Se poi vogliamo guardare bene alla “tecnica” del Lunapark scopriamo che le “attrazioni”, la musica, le luci sono soltanto uno strumento, quasi un corollario per una festa che si celebra soprattutto con le relazioni umane di un pubblico che è attore e spettatore allo stesso tempo. La festa non si ottiene puntando affannosamente alla sua ricerca, ma viene incontro, come una sorpresa, a chi è intento a far felici gli altri; la felicità e le gioie della vita non sono delle mete, ma un viaggio tra cose semplici, forse ingenue, che hanno la capacità di fare emergere quello che siamo, tra le emozioni e il brivido, la fantasia ed il gioco, capaci di svincolarci dalle dimensioni del tempo e dello spazio e farci librare “liberi” in una armonia ritrovata.
L’anima del Circo è proprio la relazione con il suo pubblico che è avvolto sin dall’inizio in quel luogo magico che è la tenda che nasconde e rivela, luogo dell’attesa che si schiude alla gioia. E qui le relazioni si fanno intense: non è solo un fatto commerciale quello dei venditori di ogni tipo che passano tra il pubblico nell’attesa, c’è una sorta di anticipazione della festa, il prologo di quanto avverrà nella pista, e siccome sono gli stessi artisti che accompagnano il pubblico ai posti, che offrono popcorn e bandierine, la loro presenza tra la gente induce a curiosità ed aspettative.
Con l’inizio dello spettacolo inizia la trasformazione, il pubblico e gli artisti: uno scambio di attese, di meraviglie, di doni.
Quando dal trapezio l’agile lascia l’attrezzo confidando che il “porteur” lo aggancerà abbandonandosi alla sua presa, anche il pubblico confida insieme a lui, partecipa in maniera emotiva forte, forse più dell’artista che è allenato e ha provato più volte in tutta sicurezza.
Quando l’artista cerca il suo equilibrio sul filo d’acciaio teso in alto e fa delle cose che sembrano umanamente impossibili, il pubblico si meraviglia e percepisce che non tutto è da relegare nell’ambito dell’impossibile e inconsciamente riafferma la fiducia nelle capacità dell’uomo.
Quando il clown mima le manie e le malefatte degli uomini e arriva a far ridere il pubblico su se stesso, smuove in lui non solo l’umorismo, ma l’umiltà che è porta a quel ridimensionamento necessario per ogni presa di coscienza ed ogni ricrescita.
Quando gli animali entrano in pista mostrano un’armonia con l’uomo e la bellezza che non possiamo dimenticare la descrizione di Isaia che immagina un mondo di pace dove il leone gioca con il bambino.

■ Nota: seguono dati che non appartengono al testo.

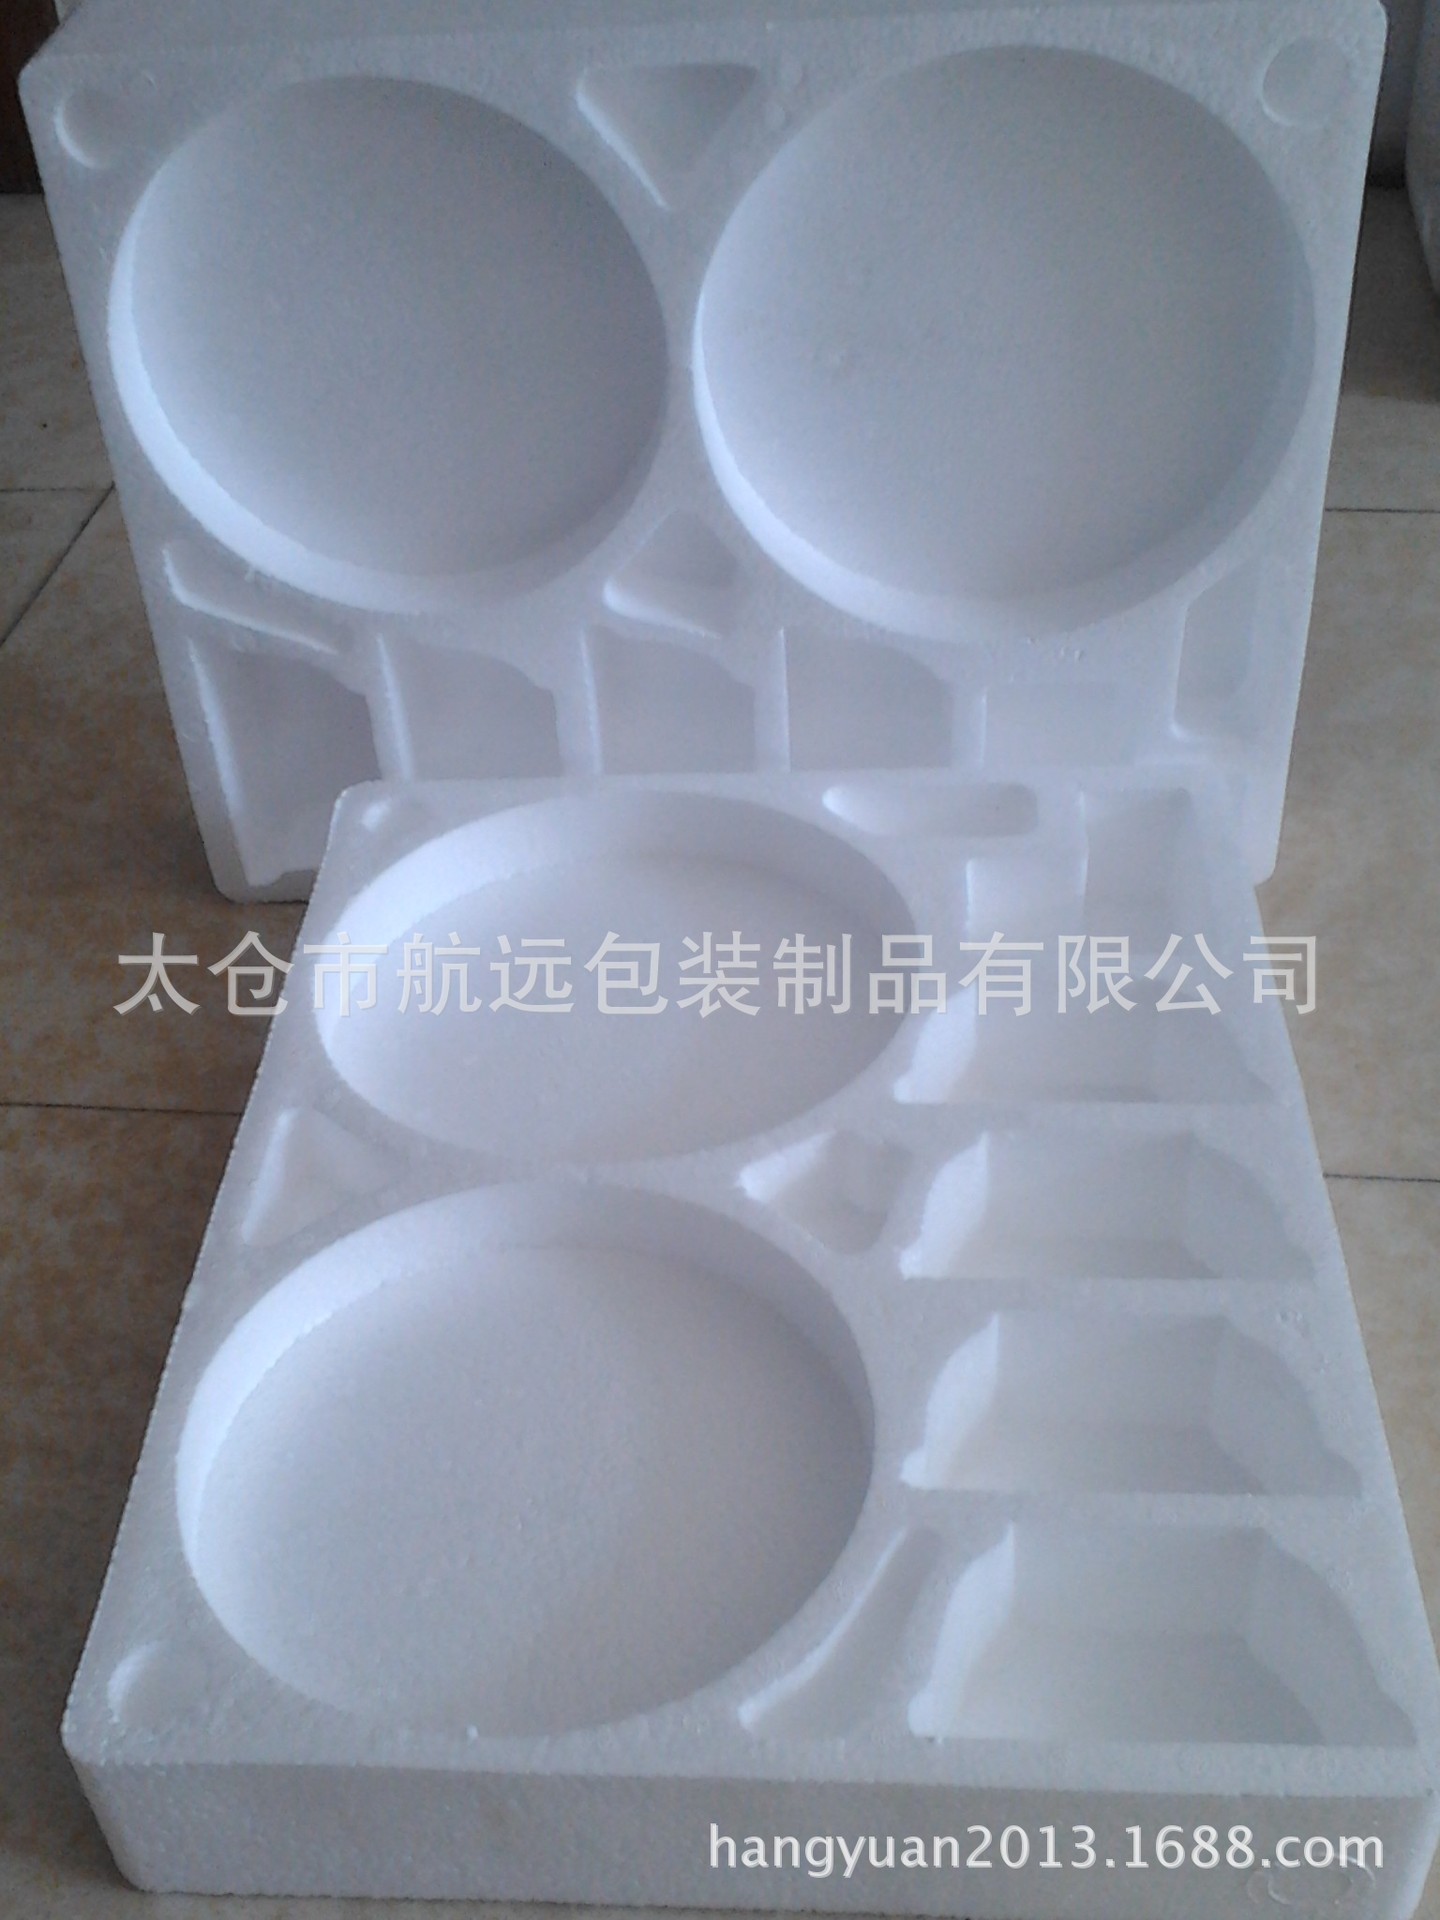 专业生产eps成型泡沫,陶瓷包装

Qui il “bello” della creazione sembra essere dimostrato con leggerezza e diventa quasi palpabile e se gli animali fanno cose che sembrano impossibili per gli animali da diventare quasi umani e gli uomini fanno cose che sembrano impossibili agli uomini da diventare quasi divini, allora tutti potranno capire che Dio è davvero il Maestro dell’impossibile.
Poi quando l’orchestra inizia il “finale” e tutti gli artisti tornano in pista per salutare il pubblico, il cuore degli uomini si fa leggero e torneranno a casa davvero ricreati dal di dentro dallo stupore che gli è stato donato e dalla partecipazione emotiva che sono stati capaci di donare.